Leave the pictures out, and repeat exactly each line from the one that holds "Blackmagic Design UltraStudio" through the final line of the entries below.

+--

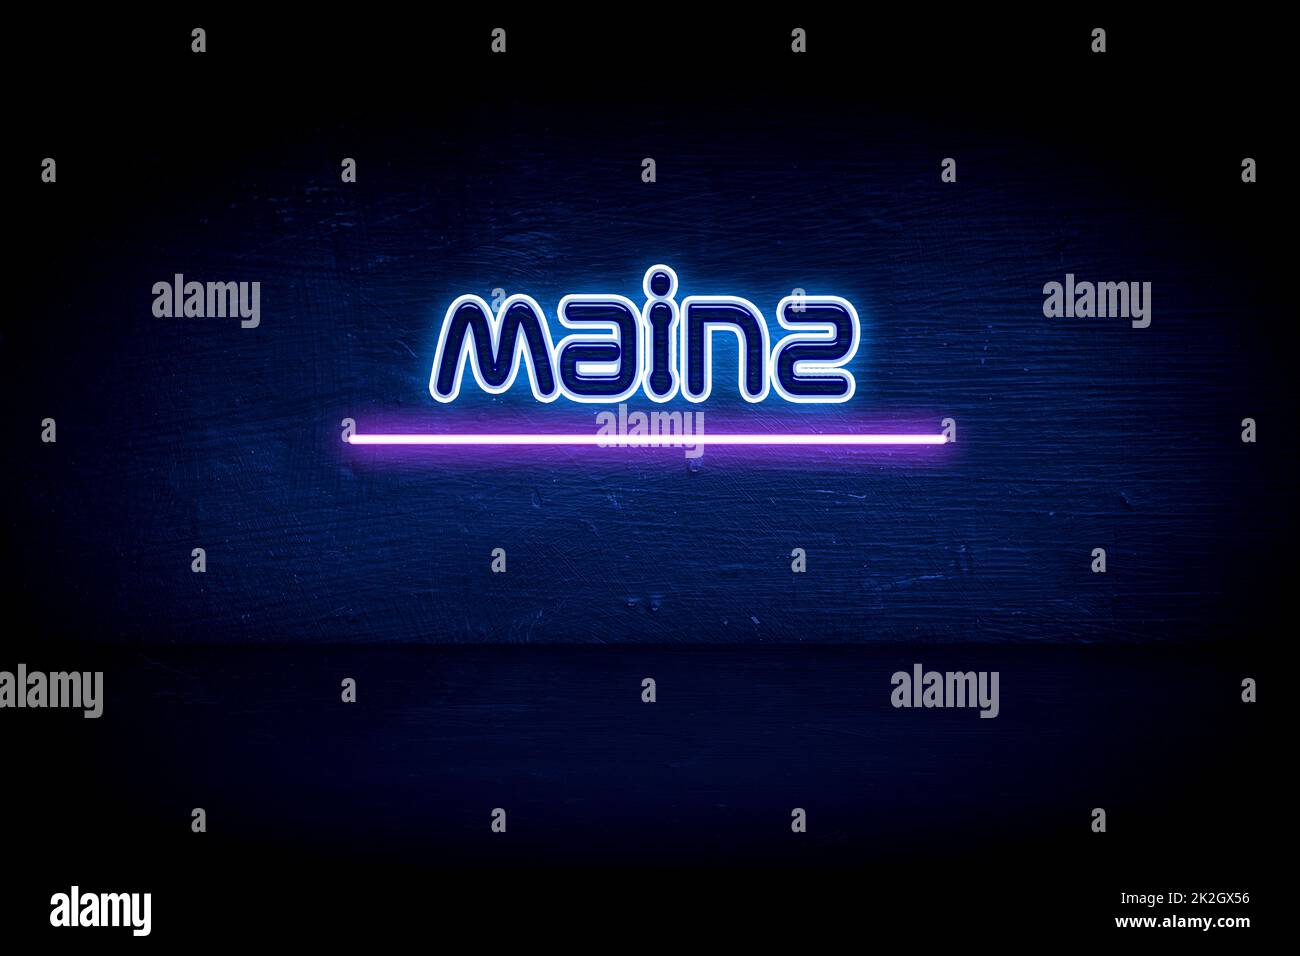 Mainz - panneau d'annonce au néon bleu Banque D'Images
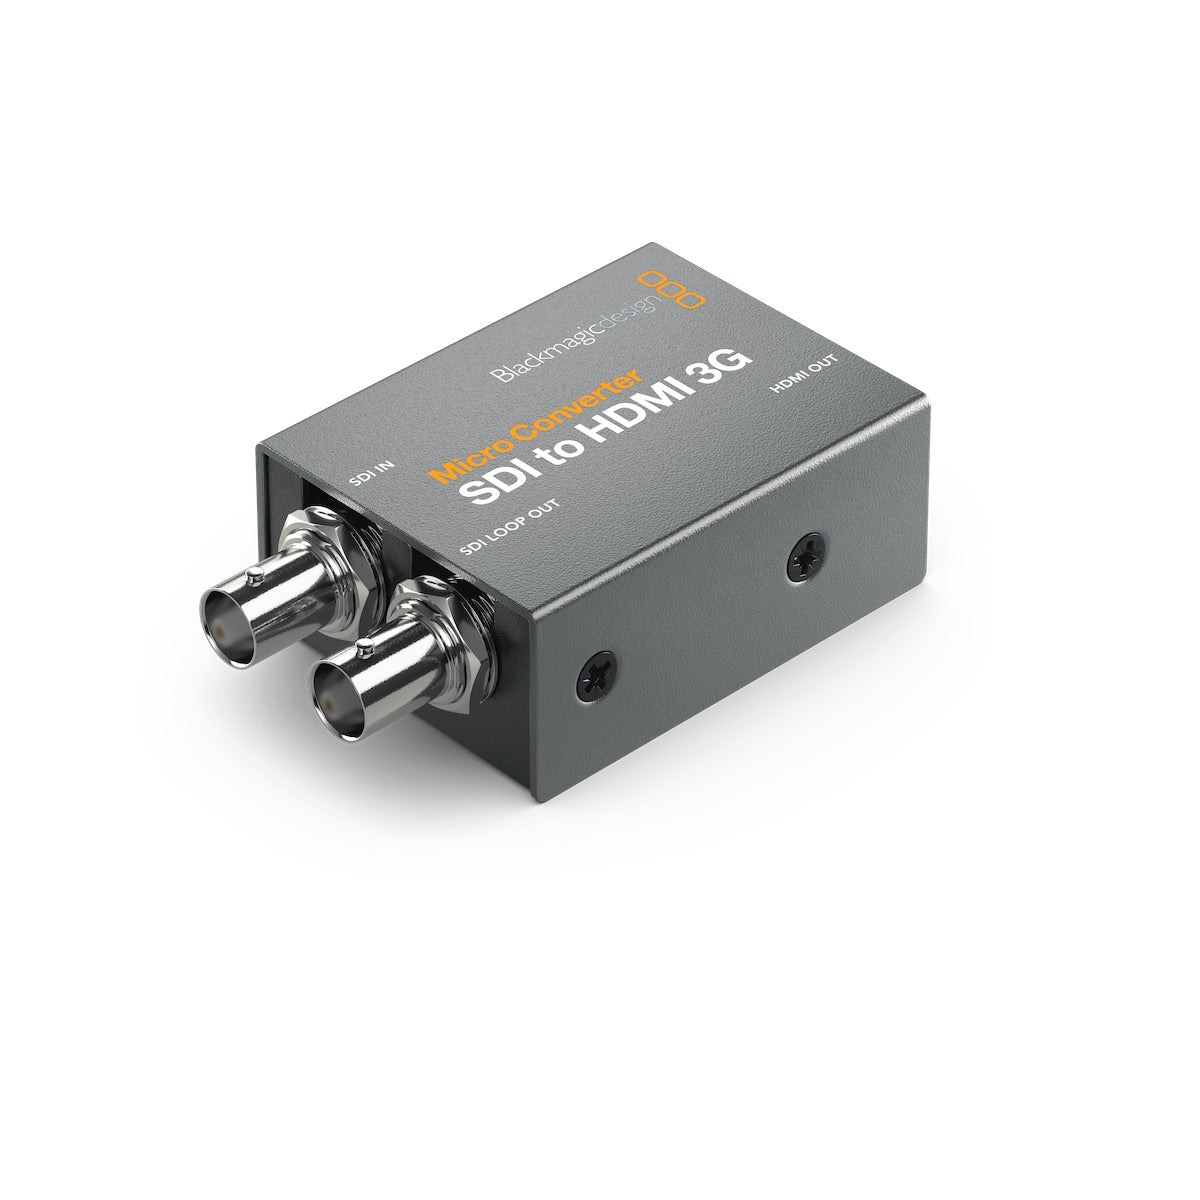 Blackmagic Design UltraStudio Recorder 3G - Thunderbolt 3 Adapter
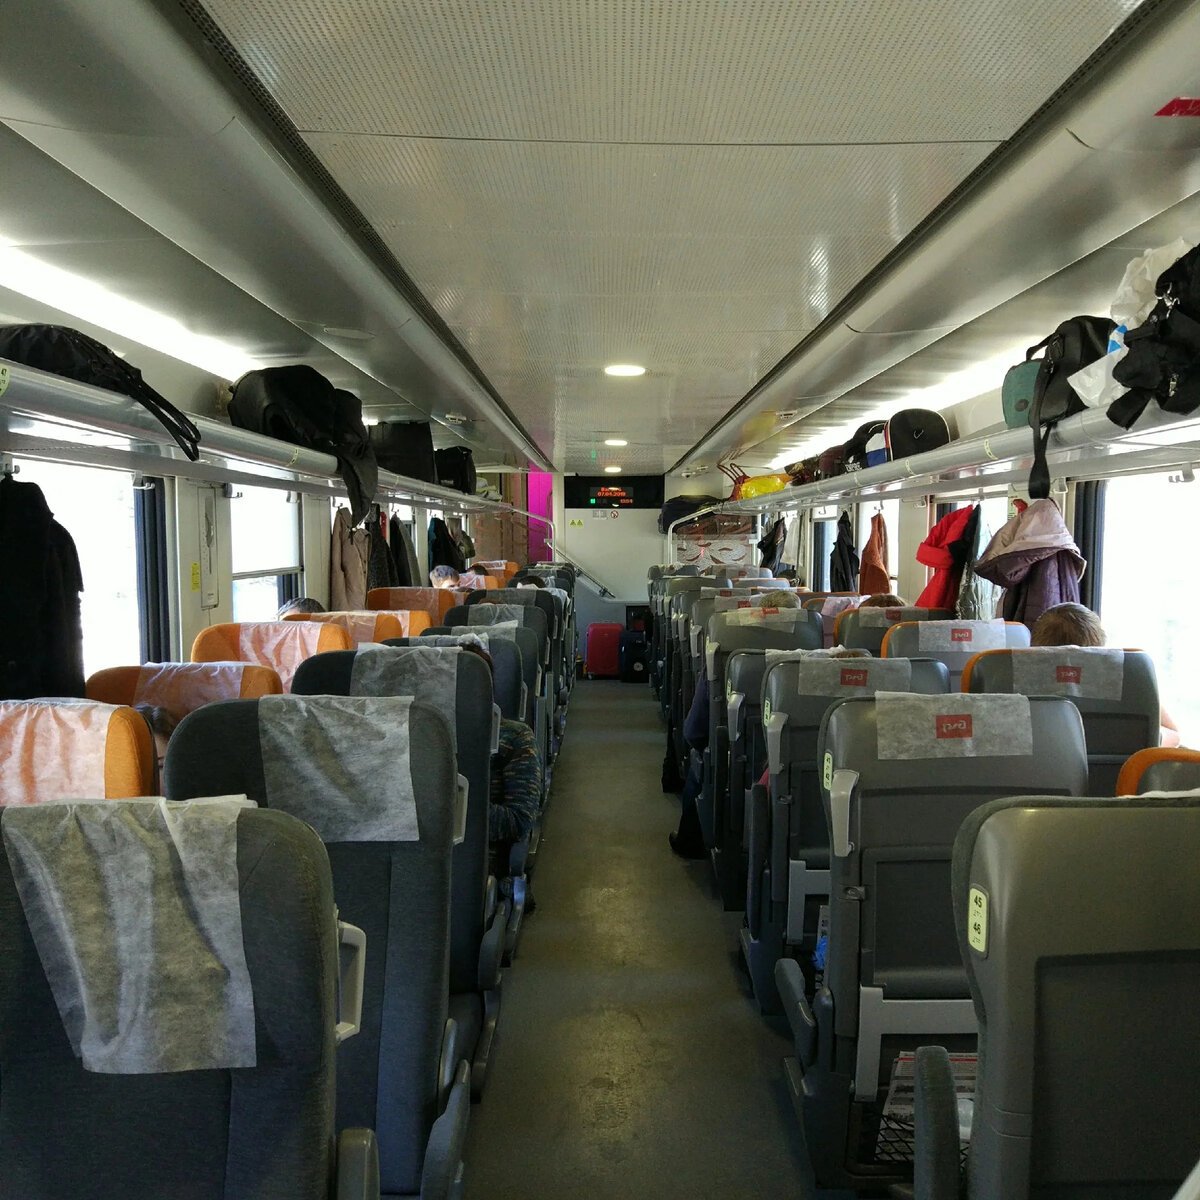 сидячий вагон в поезде пенза москва
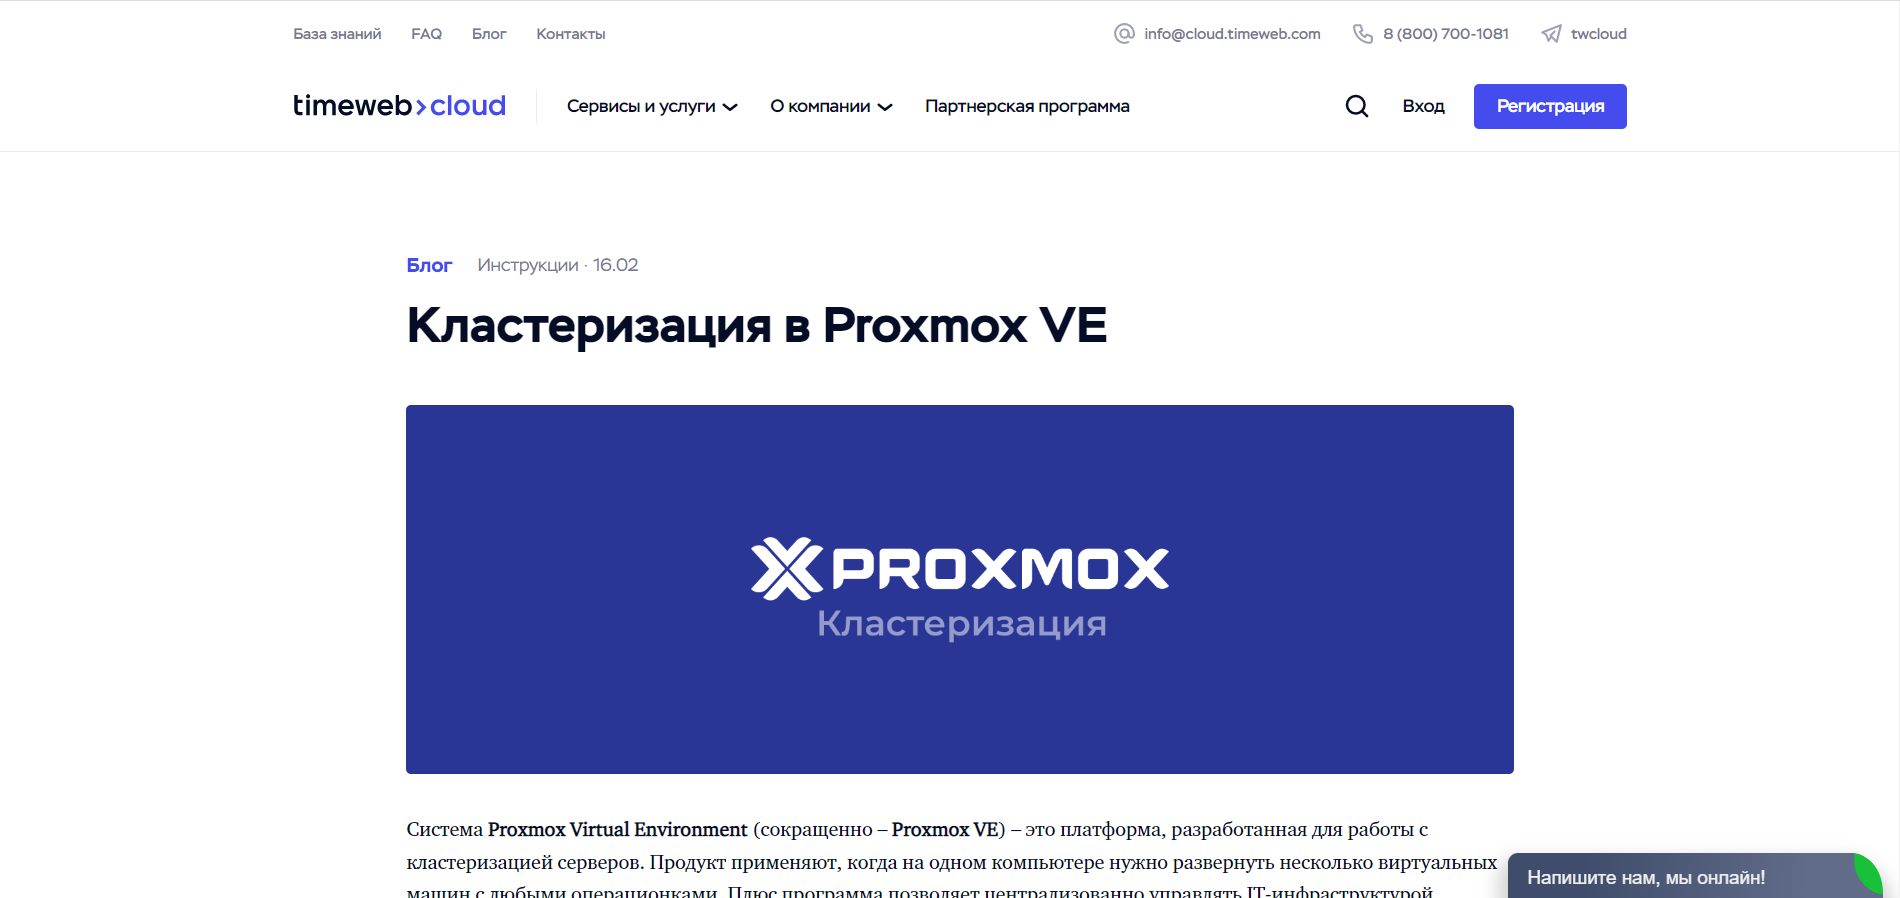 Кластеризация в Proxmox VE
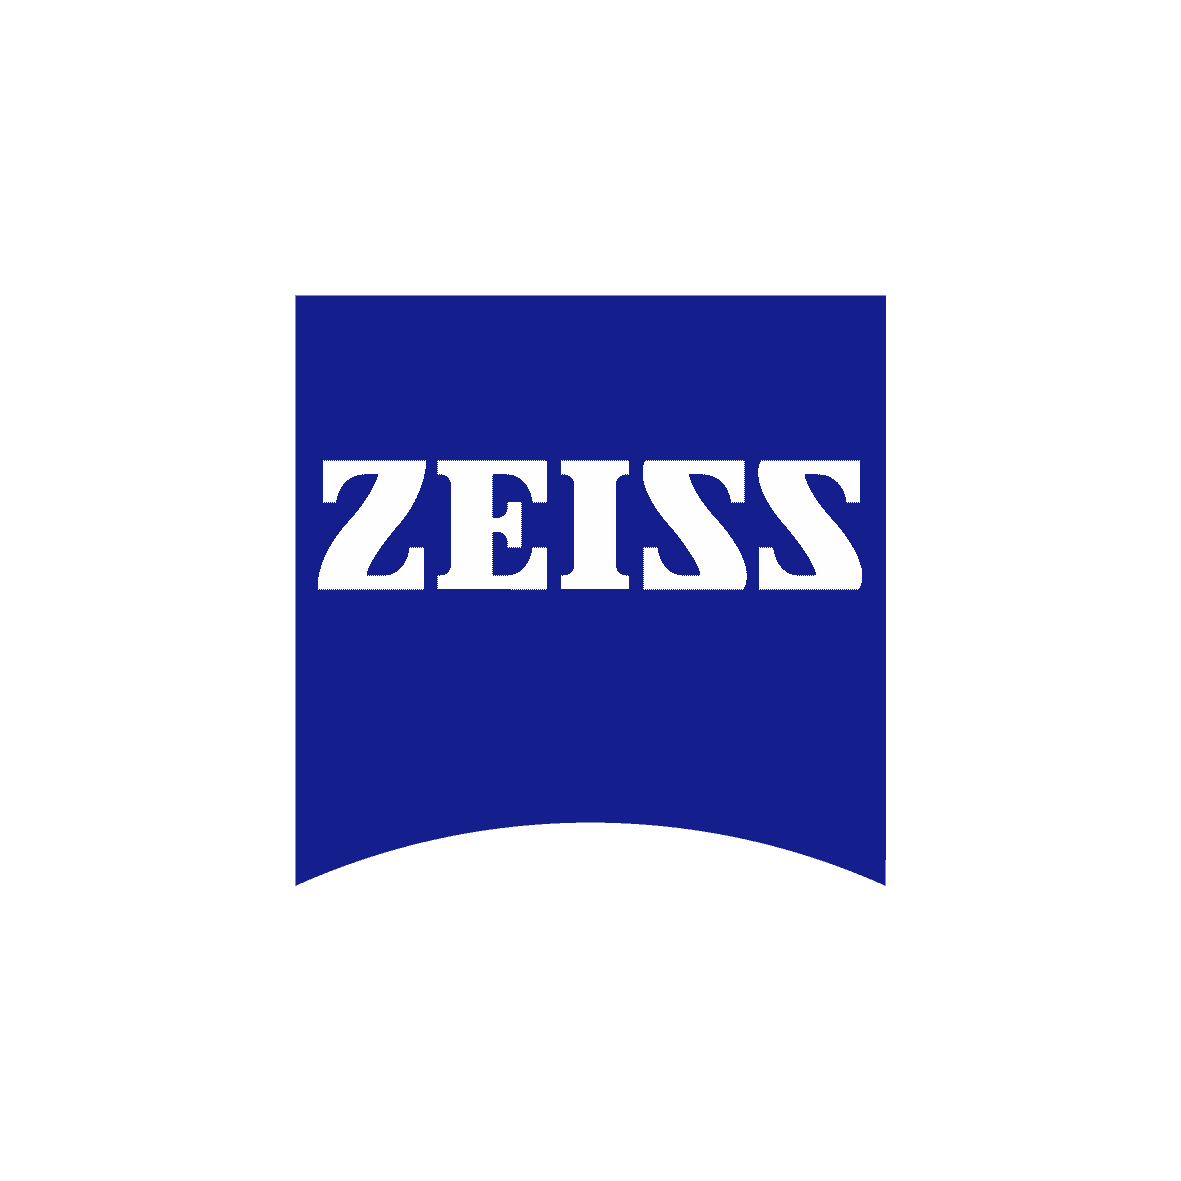 zeiss-logo-rgb

+--

● **SOLUTION TO THIS EXERCISE**
 Blackmagic Design UltraStudio Recorder 3G - Thunderbolt 3 Adapter
 сидячий вагон в поезде пенза москва
 Кластеризация в Proxmox VE
 zeiss-logo-rgb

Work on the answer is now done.